▶ Aim of the task
Everything below from the line with "Backview of Morrocan" through the line with "Welcome the the Mays Family YMCA at Potranco" must be retyped exactly, except the pictures.

▶ Input records
= Beginning of Section =
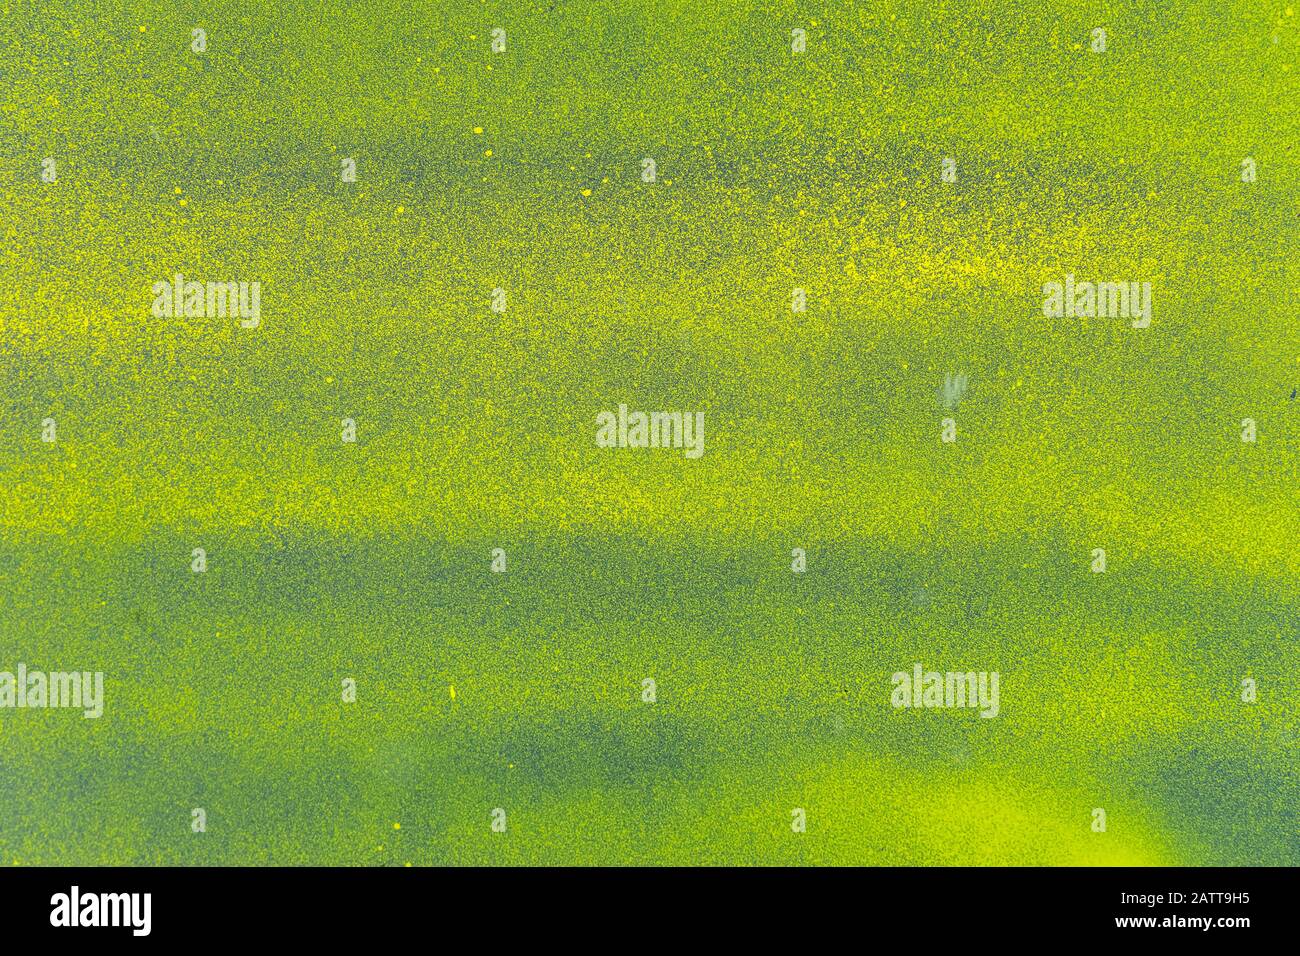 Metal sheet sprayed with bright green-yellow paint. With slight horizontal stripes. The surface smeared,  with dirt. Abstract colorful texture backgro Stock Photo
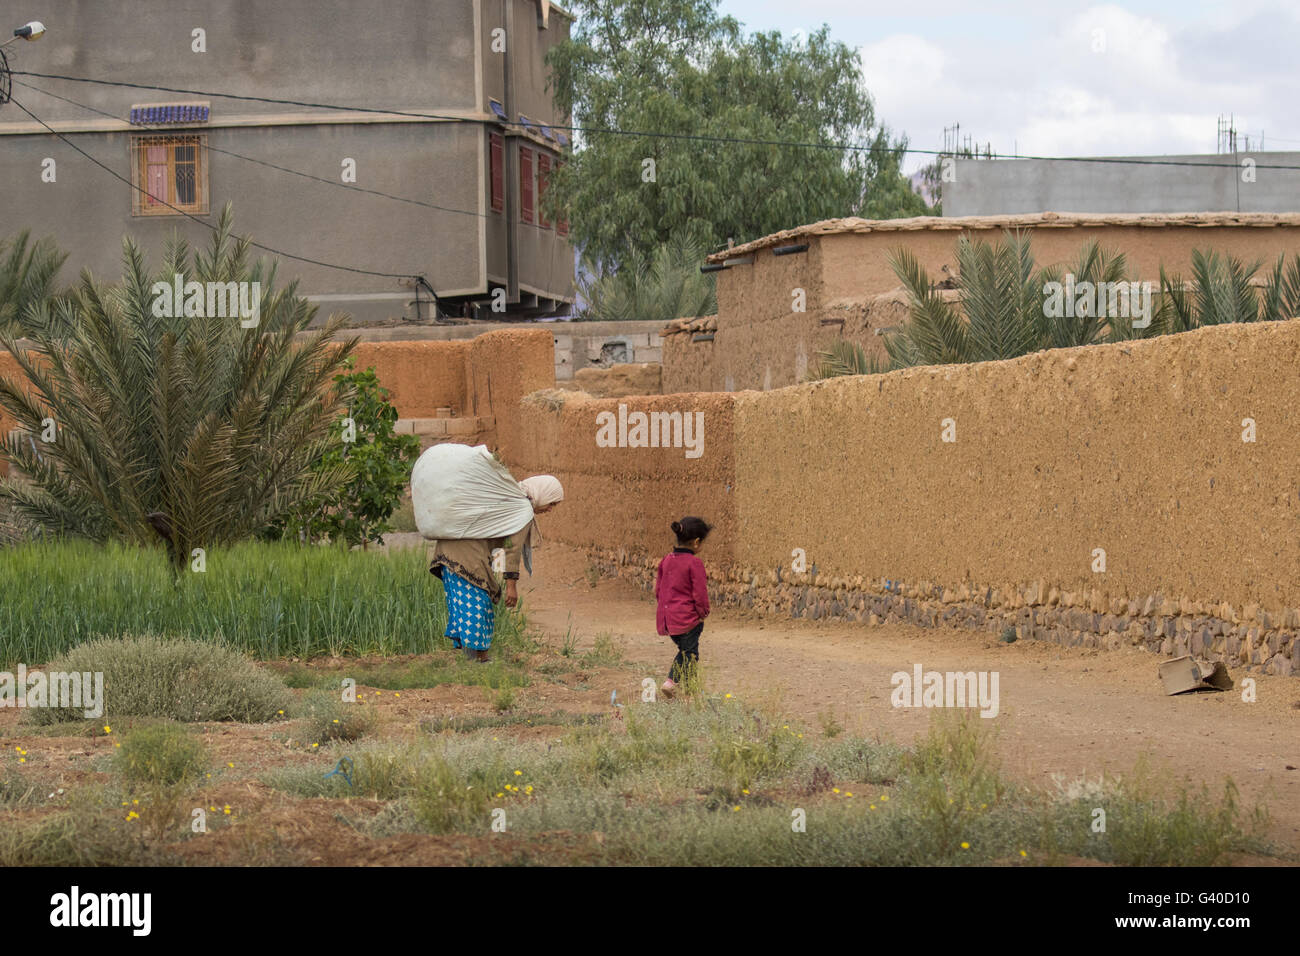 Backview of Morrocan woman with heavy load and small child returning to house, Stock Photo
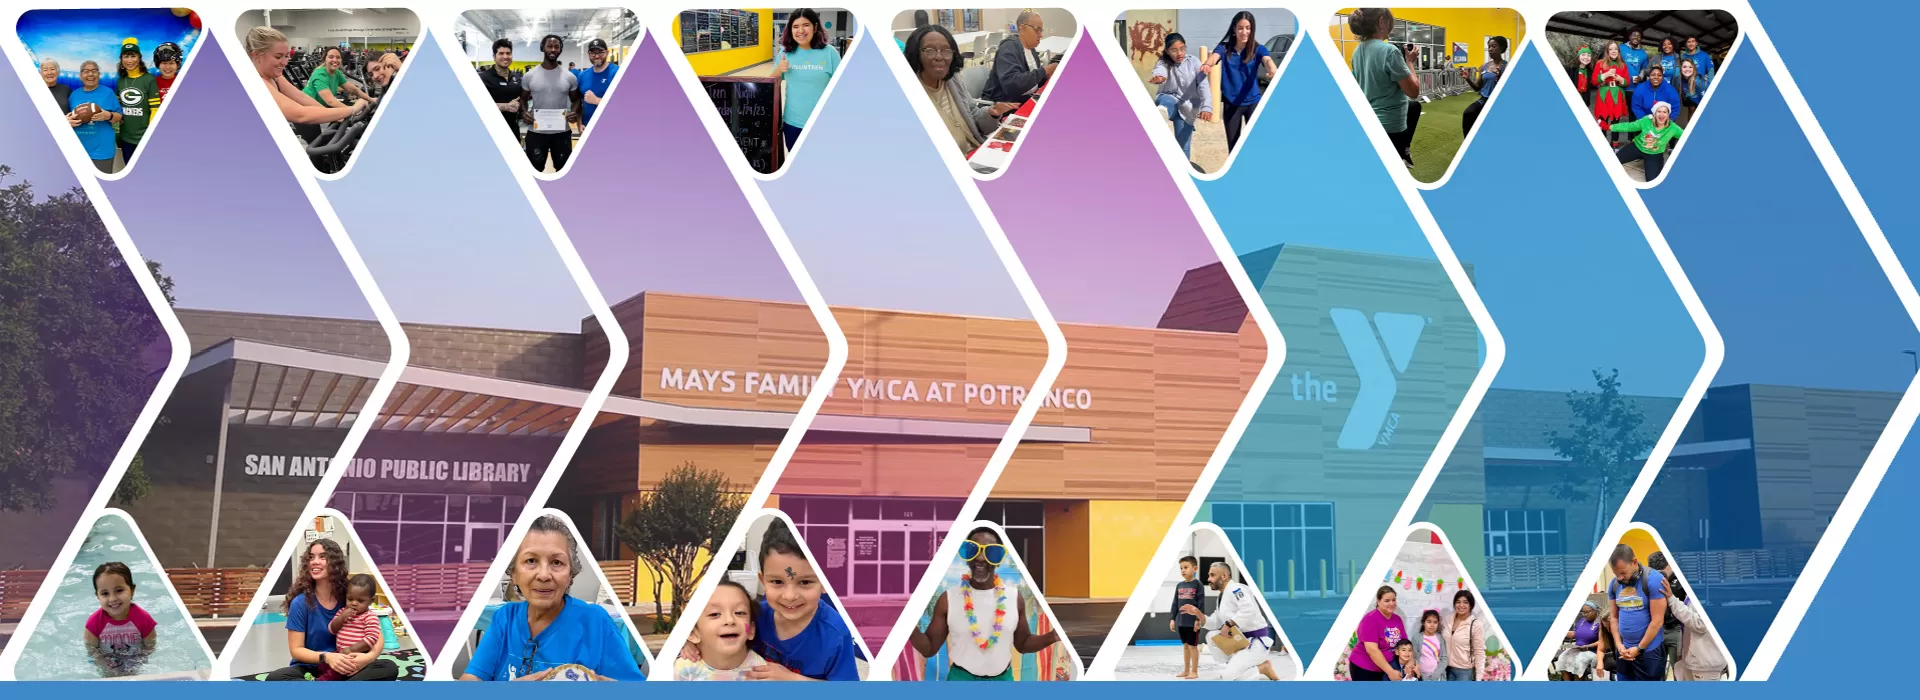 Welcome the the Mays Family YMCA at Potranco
= End of Section =
= Beginning of Section =
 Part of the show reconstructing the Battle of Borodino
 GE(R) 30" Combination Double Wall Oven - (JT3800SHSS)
= End of Section =
▶ Answer section
 Backview of Morrocan woman with heavy load and small child returning to house, Stock Photo
 Welcome the the Mays Family YMCA at Potranco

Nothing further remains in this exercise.